(everything that was will be again)
—
“Are you scared?”
Alcor looked up as Lolojna trotted up to him. All around them, the Flock, so large in number now, played for one final time before the end.
The time for bravado, for comforting lies, for lying in general, had passed eons ago, leaving Alcor with only a blunt empty honesty.
“A tiny bit.” There was still, at the end of all things, a spark of humor, so he added, “Like, five percent scared.”

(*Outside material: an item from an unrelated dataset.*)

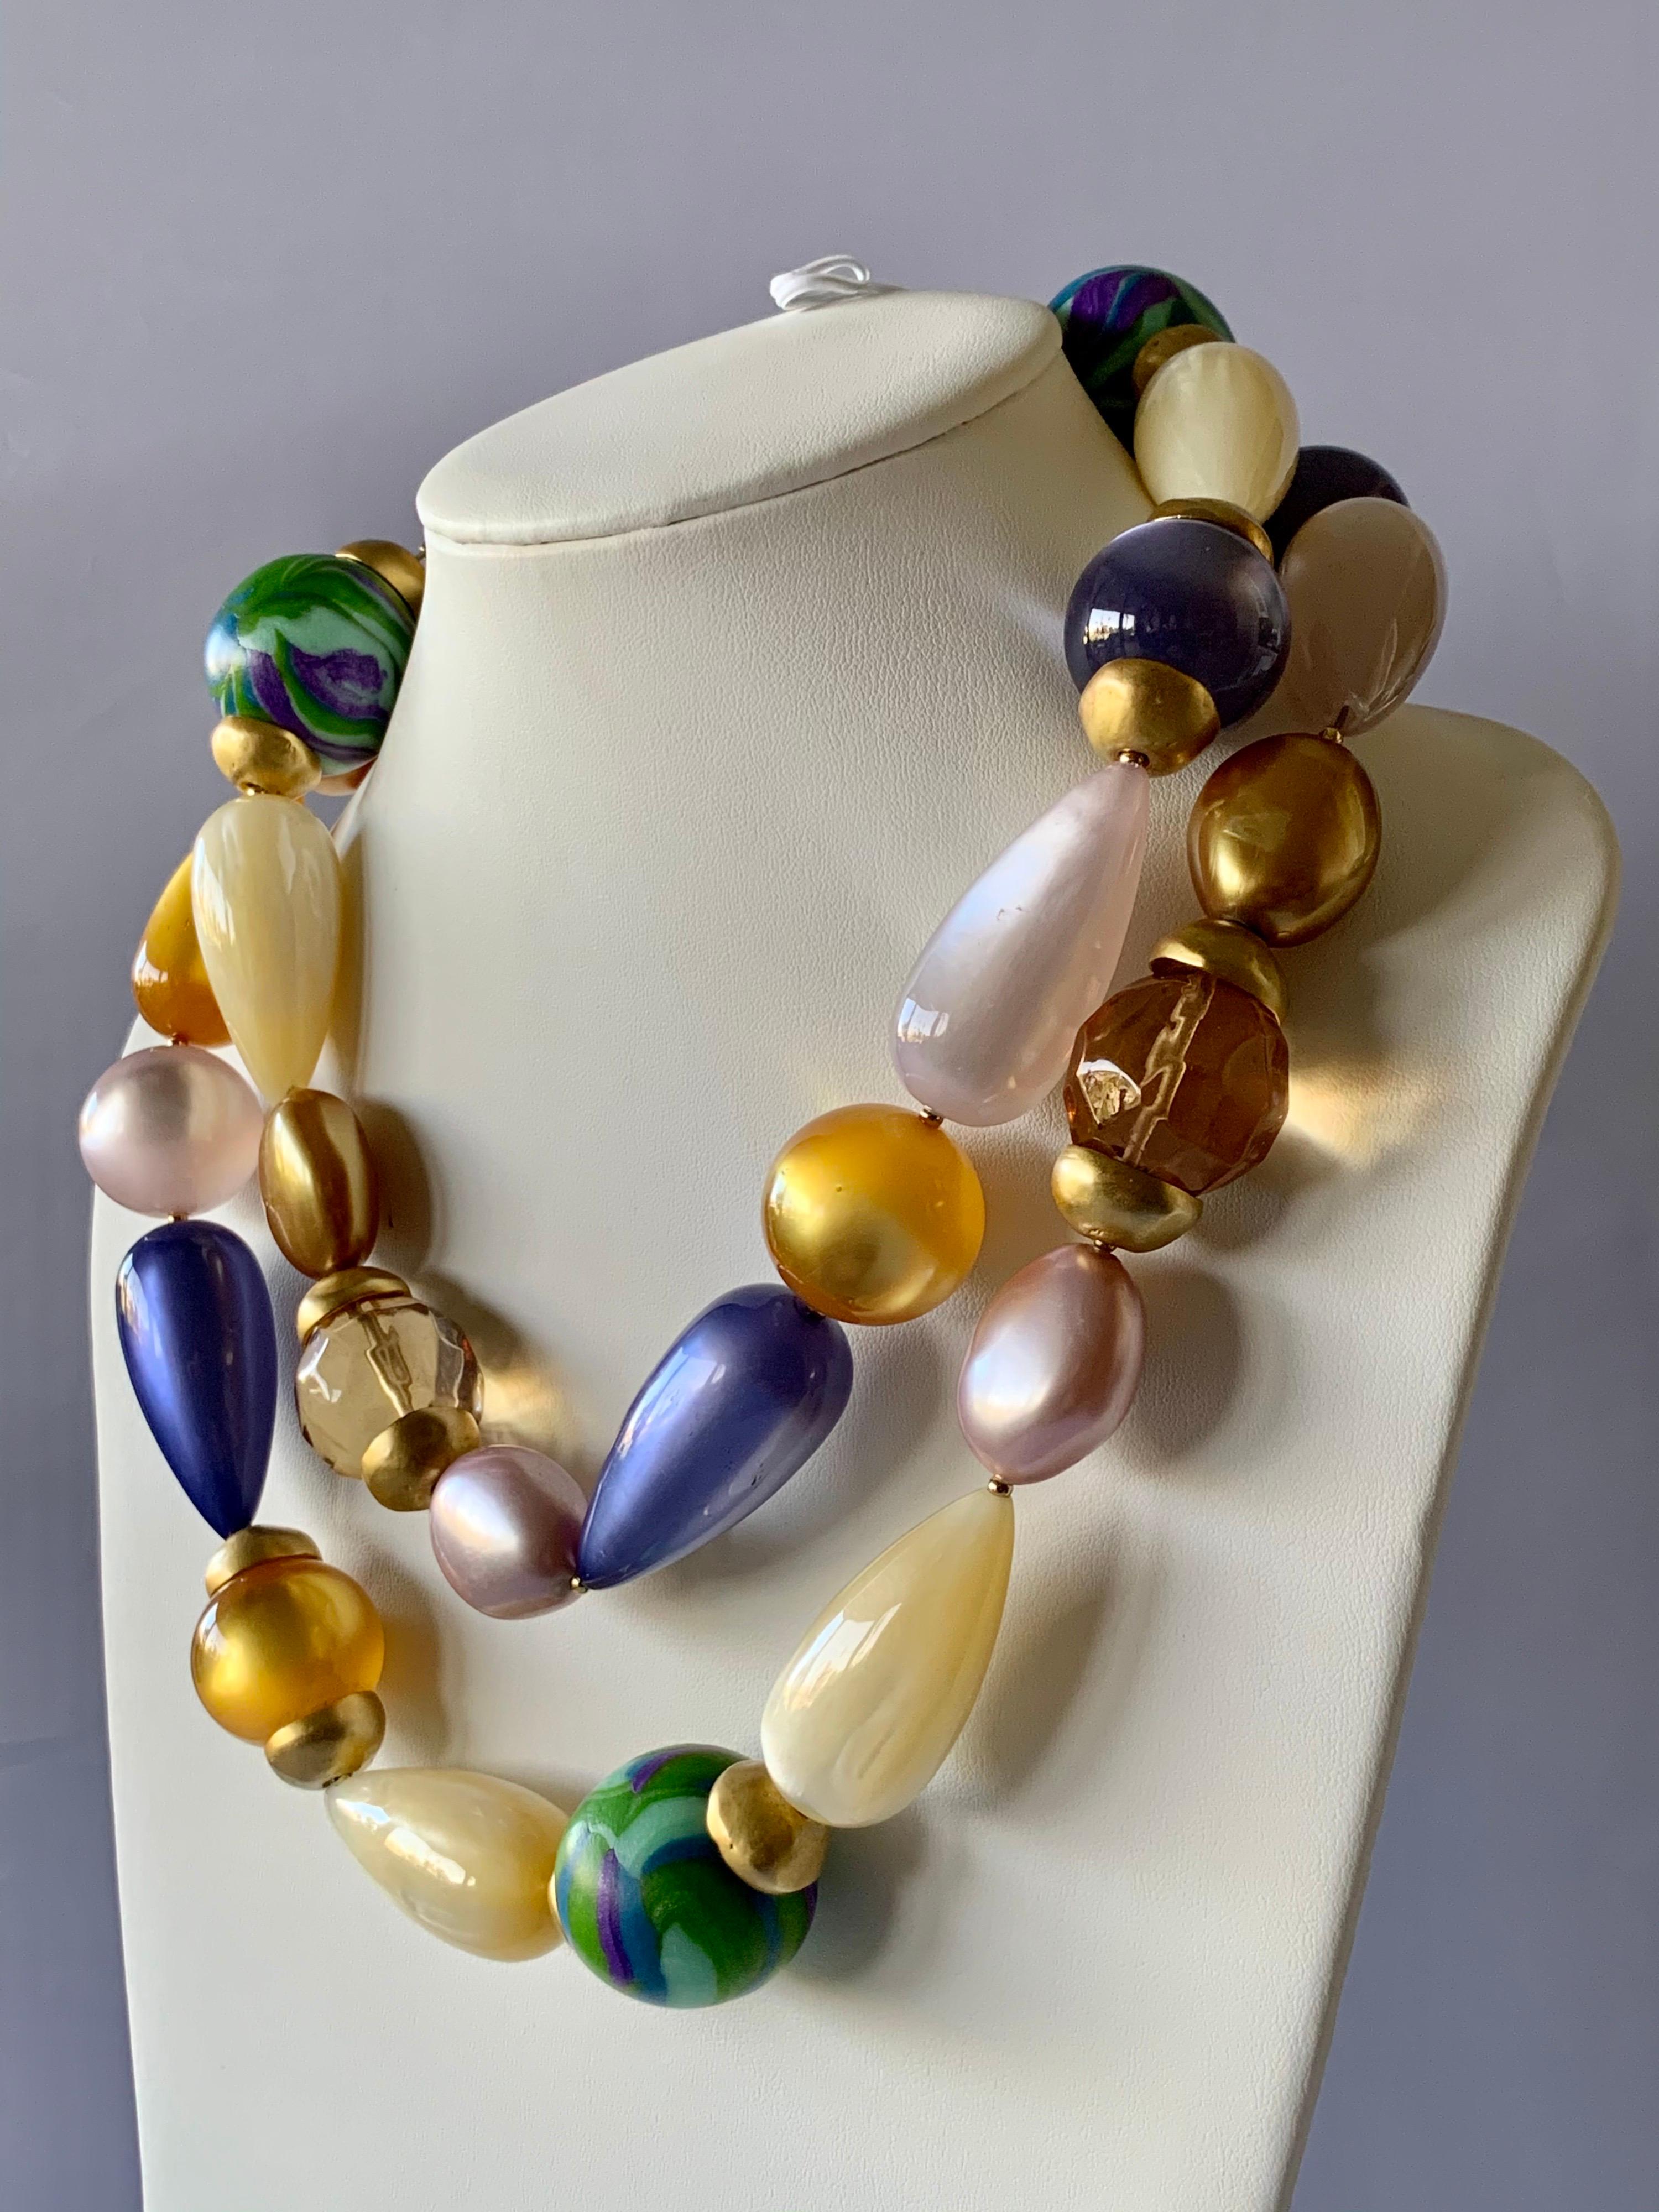 Iconic massive vintage Coco Chanel runway beaded statement necklace, comprised out of large architectural acrylic beads. The beads vary in shape, size, and color (taupe, Moonglow blue, pale pink, gold, and swirled green and accented by large faceted

Lolojna snorted. “You’re just upset that we’ll remember this and you won’t.”
He smiled. She knew him well (as she well should.)
“It’s that too,” he admitted.
She rolled on her back to look at the dead sky above her.
“Well look at it this way, another time another place and we’re going to be in the same position as you.”
He smiled. “From one person at the end to over 50,000…” He thought about it. “That’s going to get kind of cramped.”
—-
everything that was will be again.
He had sent the sheep to sleep when that phrase filtered through his head, uttered by a soul now long dead and asleep as well.
They had gotten it, Alcor thought as he readied himself for his final and most greatest trick, about half right.
It wasn’t that everything repeated itself over and over again. How boring, how terrible that thought was, that nothing ever changed. That no one had a choice.
No. That was a very limited and biased reading of the word ‘be’.
What was to be after all, than life? To live.
Everything that had been would be again, everything that lived would live again, an endless cycle of darkness and pain, yes, but also of life and joy and light. A great cacophony of souls and stars constantly reinventing themselves, creating and destroying and creating and destroying all over again.
And in this iteration, he would have the honor of closing the door on this universe, and beginning another one.
Dipper smiled as he placed his hands on his chest, readied the swirling nebula inside of him for explosion.
He couldn’t wait to see Mabel again.